**Data provided**
============================================================

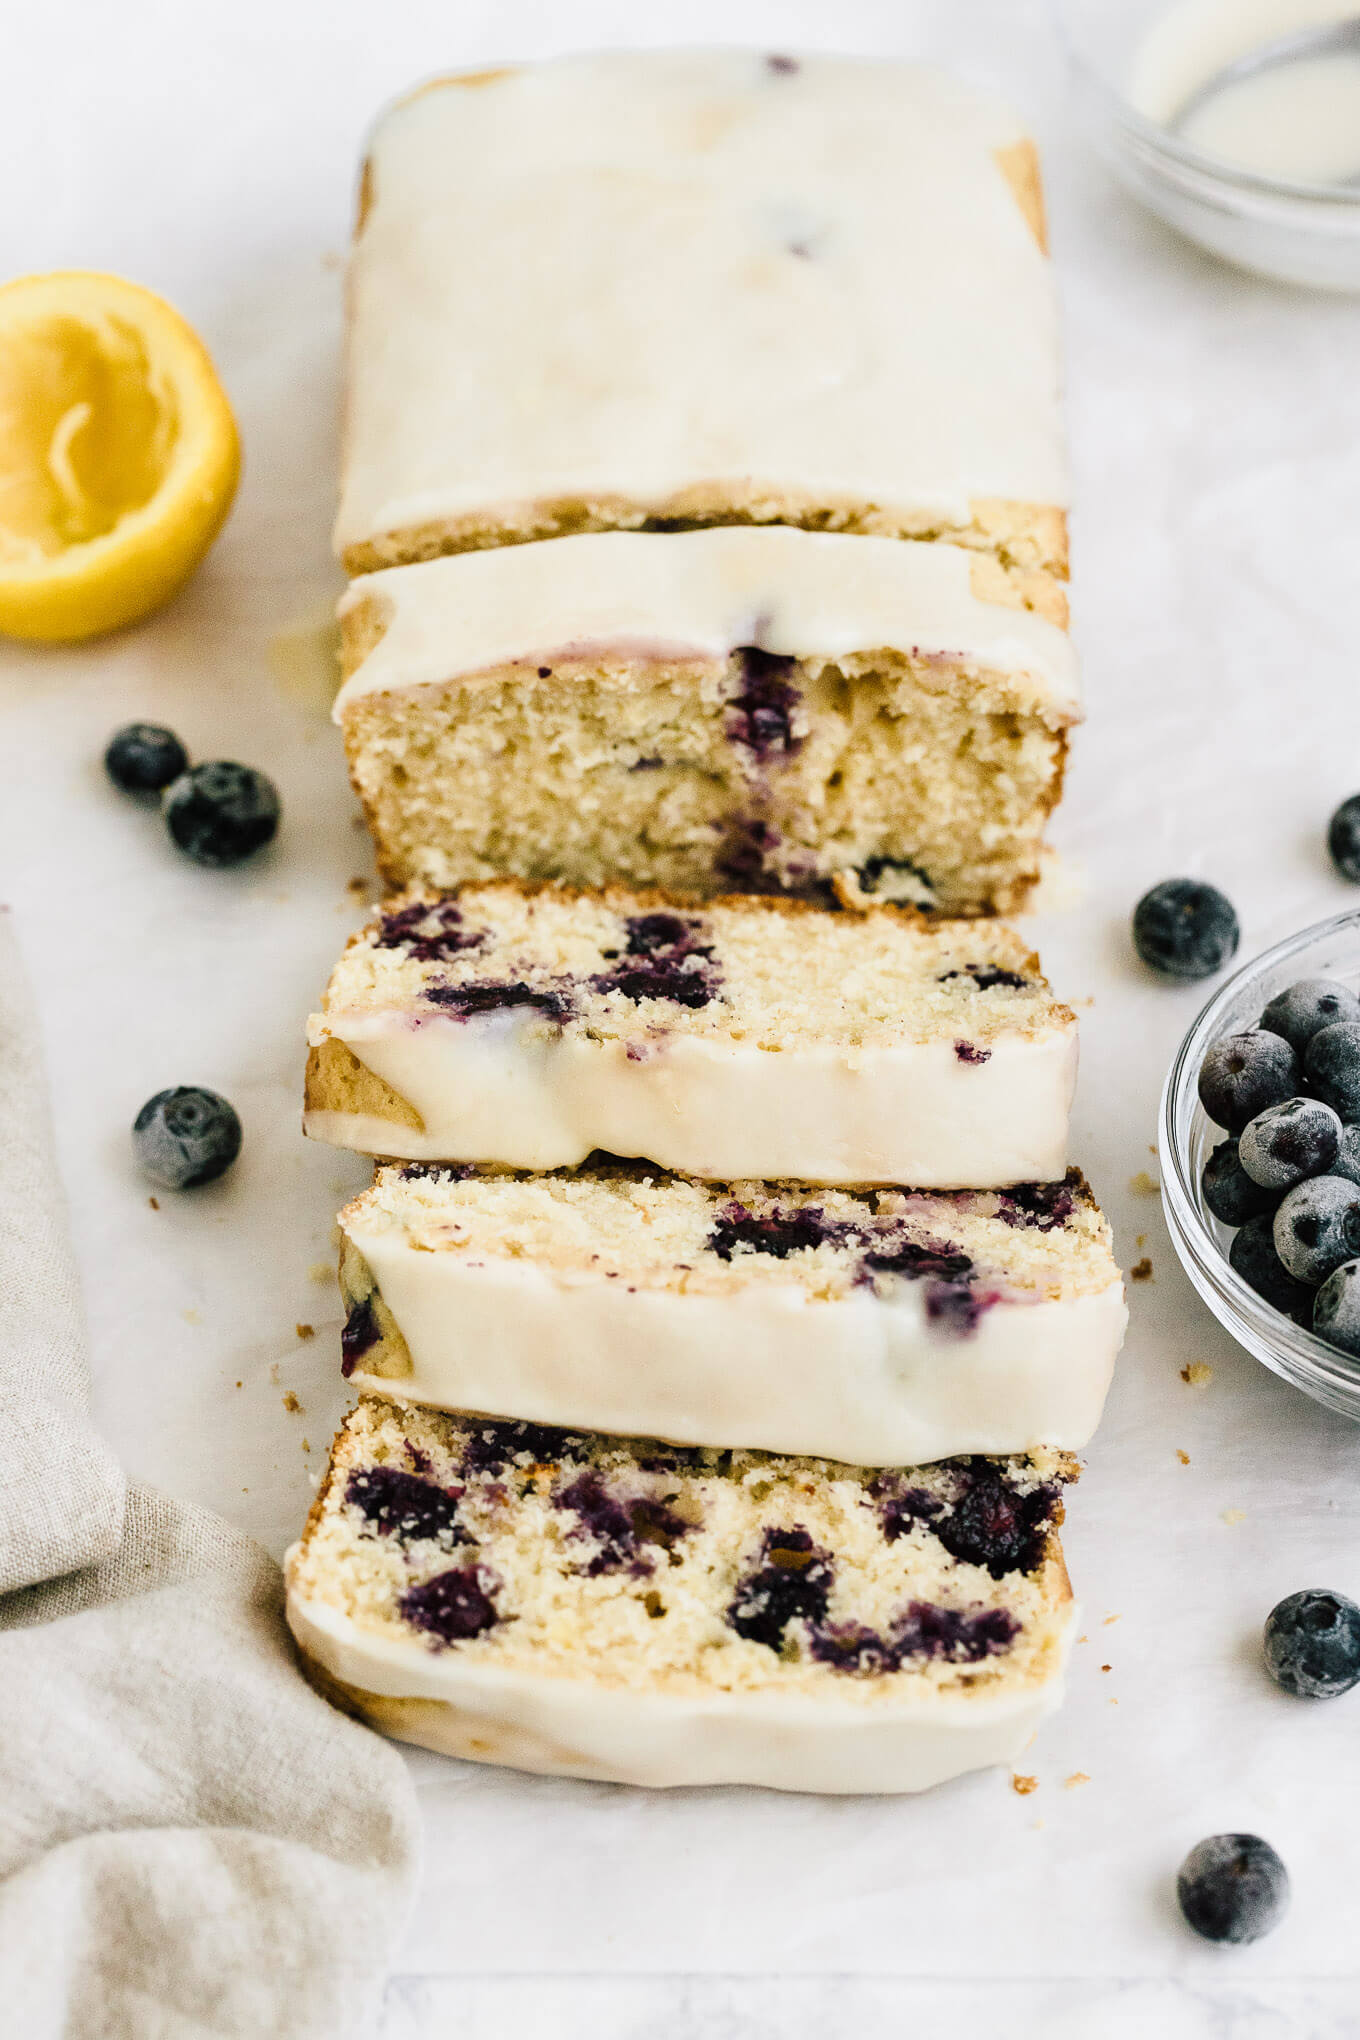 Healthy lemon blueberry bread naturally sweetened with maple syrup and topped with a sweet lemon glaze sliced
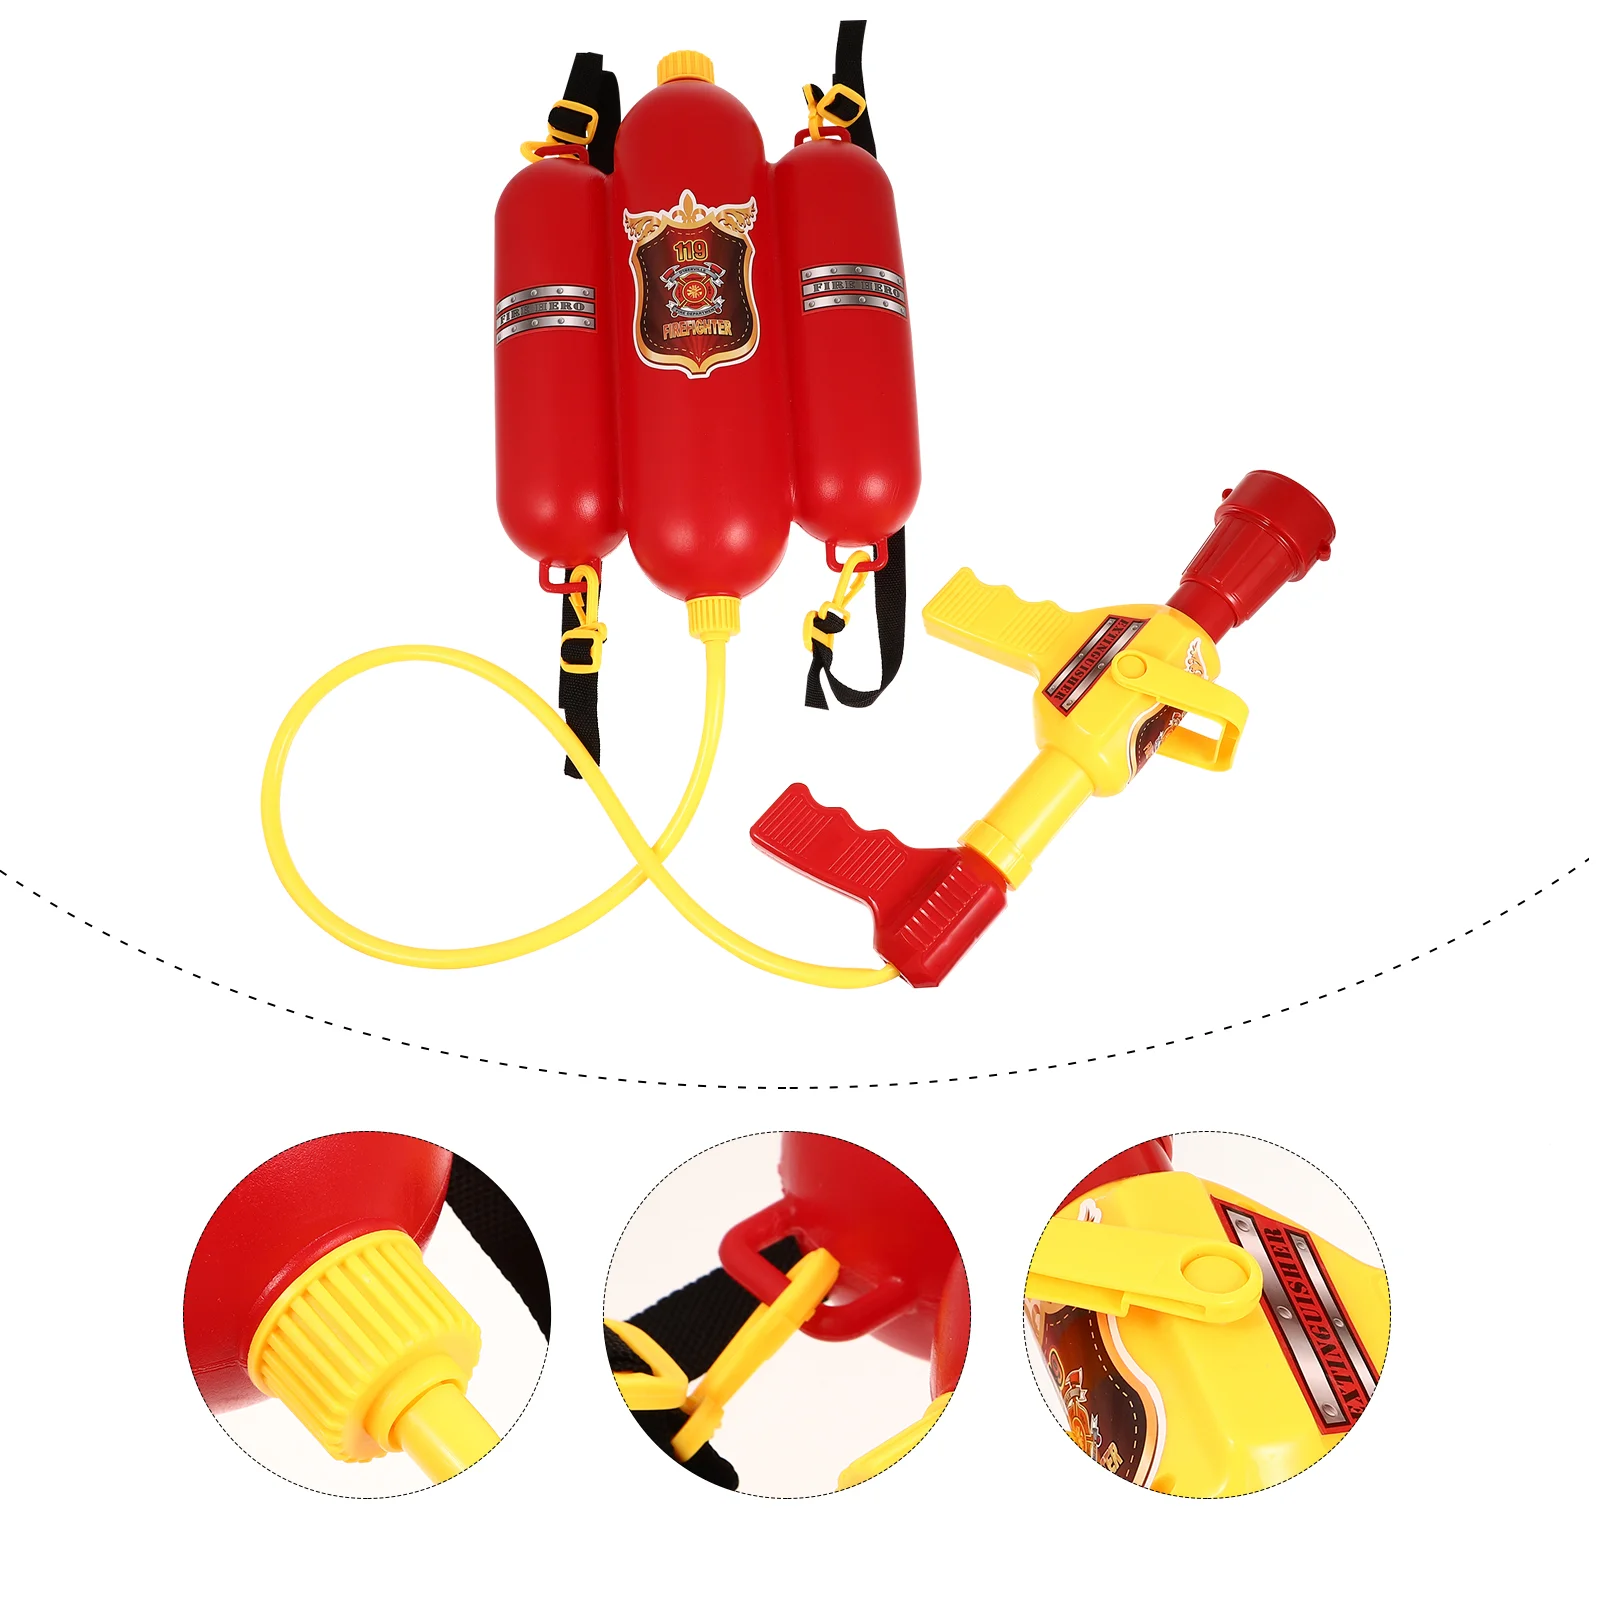 

Firefighter Fire Extinguisher Water Gun Backpack Toy Water Gun Children Outdoor Toys Children Firefighter Role Playing Pool Toys
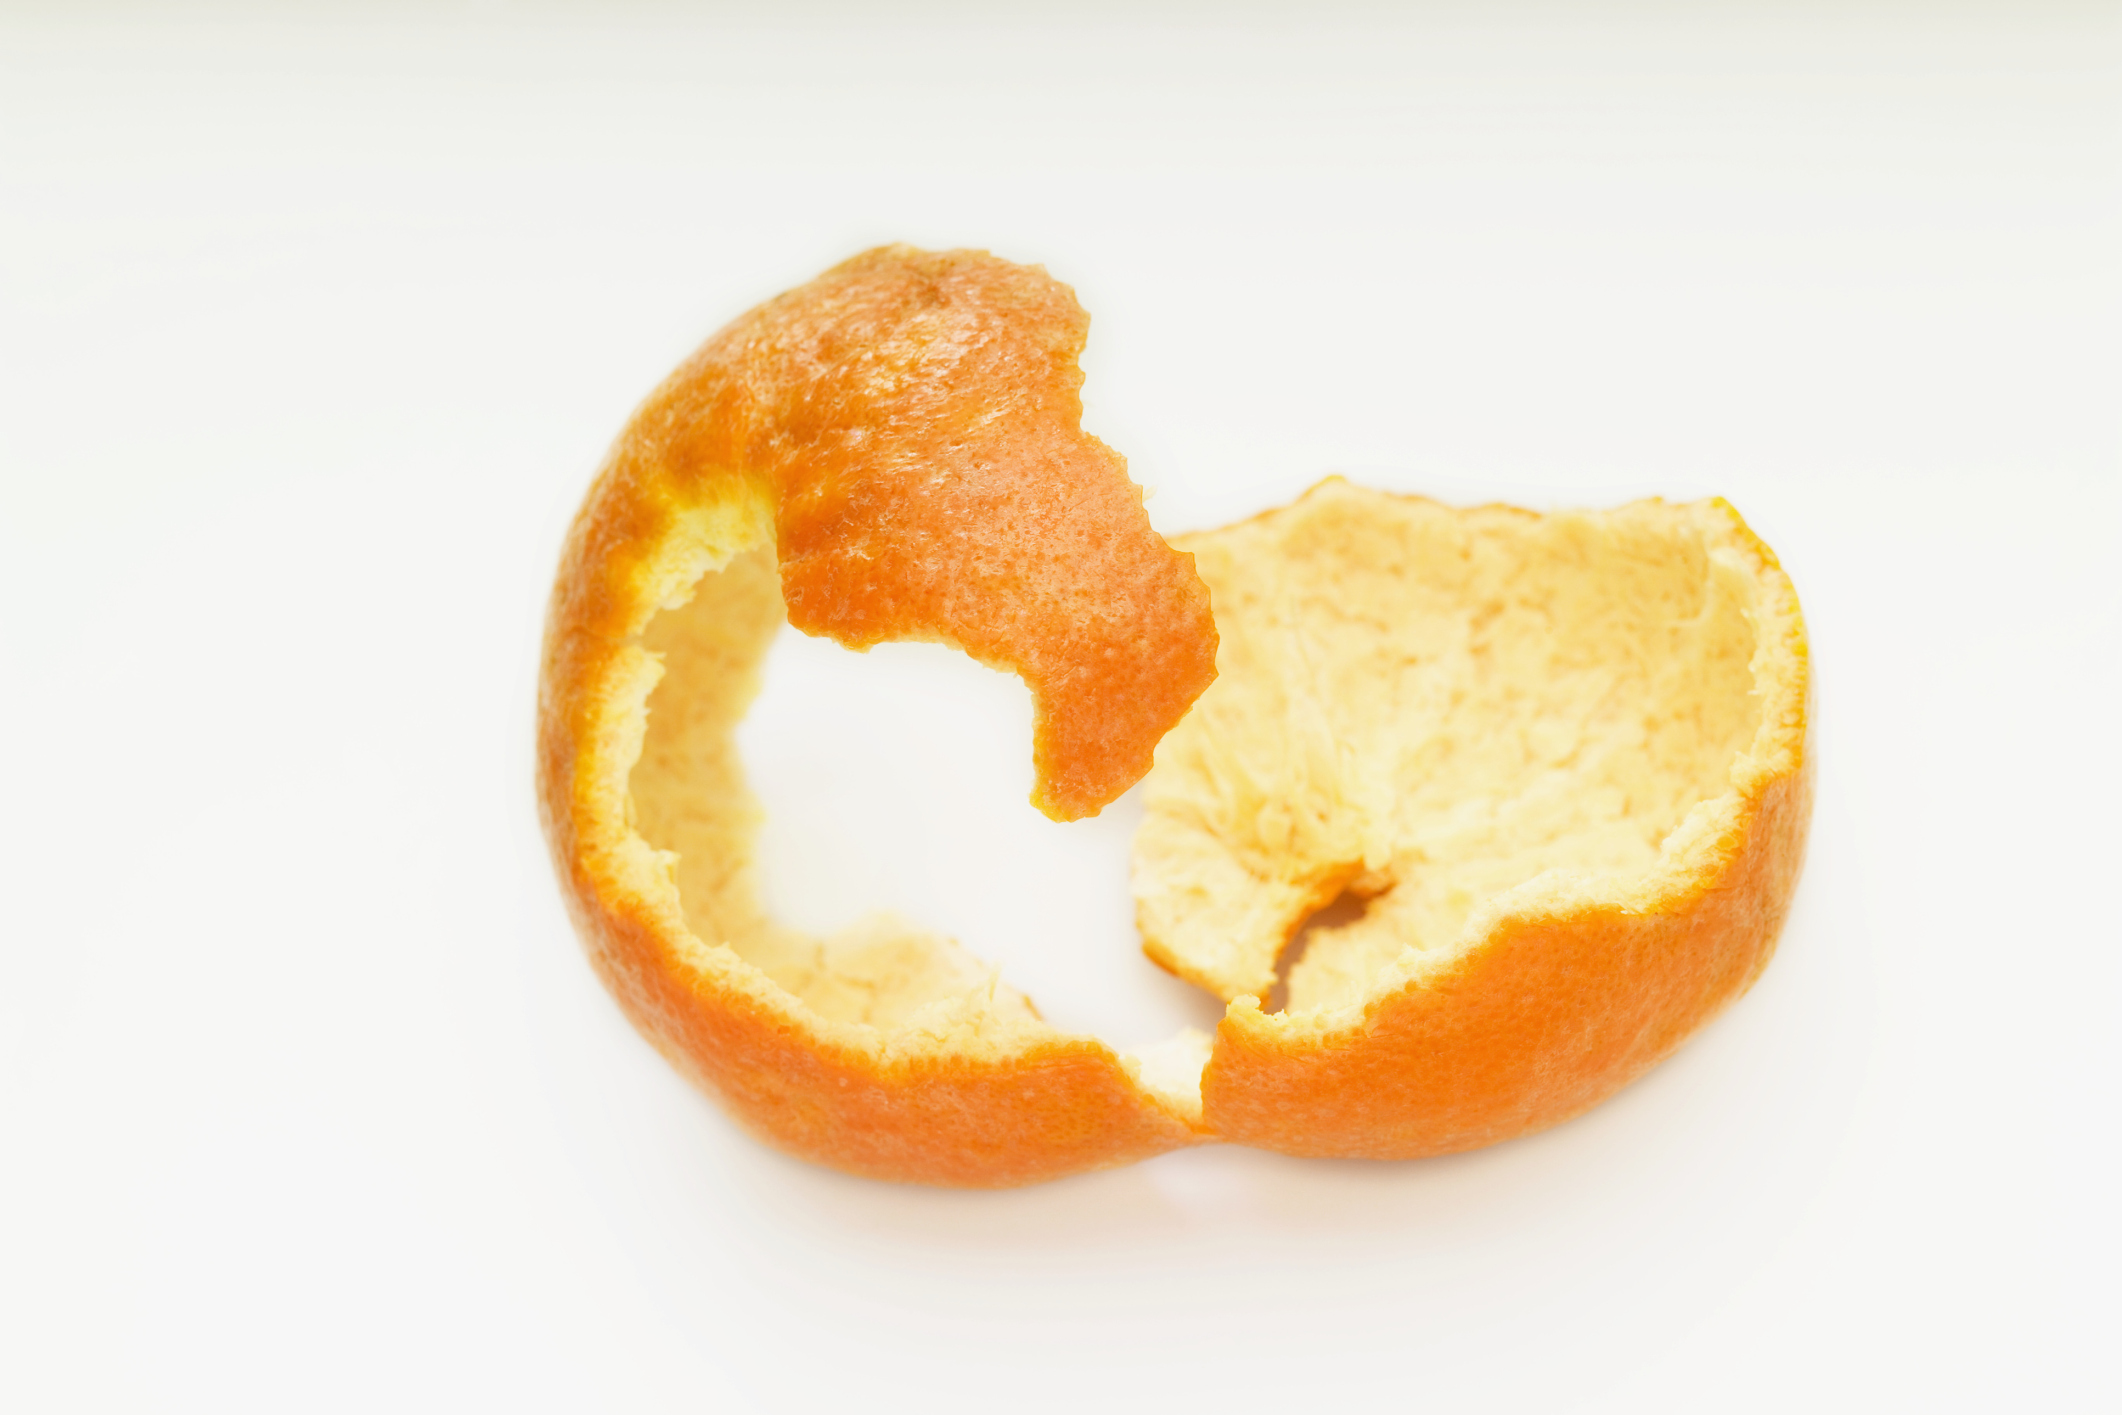 Is It Healthy to Eat Orange Peels? | LIVESTRONG.COM

============================================================

**Assignment**
Would you copy the lines from the one holding "Firefighter Fire Extinguisher" down to the last line of the material, both included, exactly and with nothing added, skipping the pictures?

**Answer space**
Firefighter Fire Extinguisher Water Gun Backpack Toy Water Gun Children Outdoor Toys Children Firefighter Role Playing Pool Toys
 Is It Healthy to Eat Orange Peels? | LIVESTRONG.COM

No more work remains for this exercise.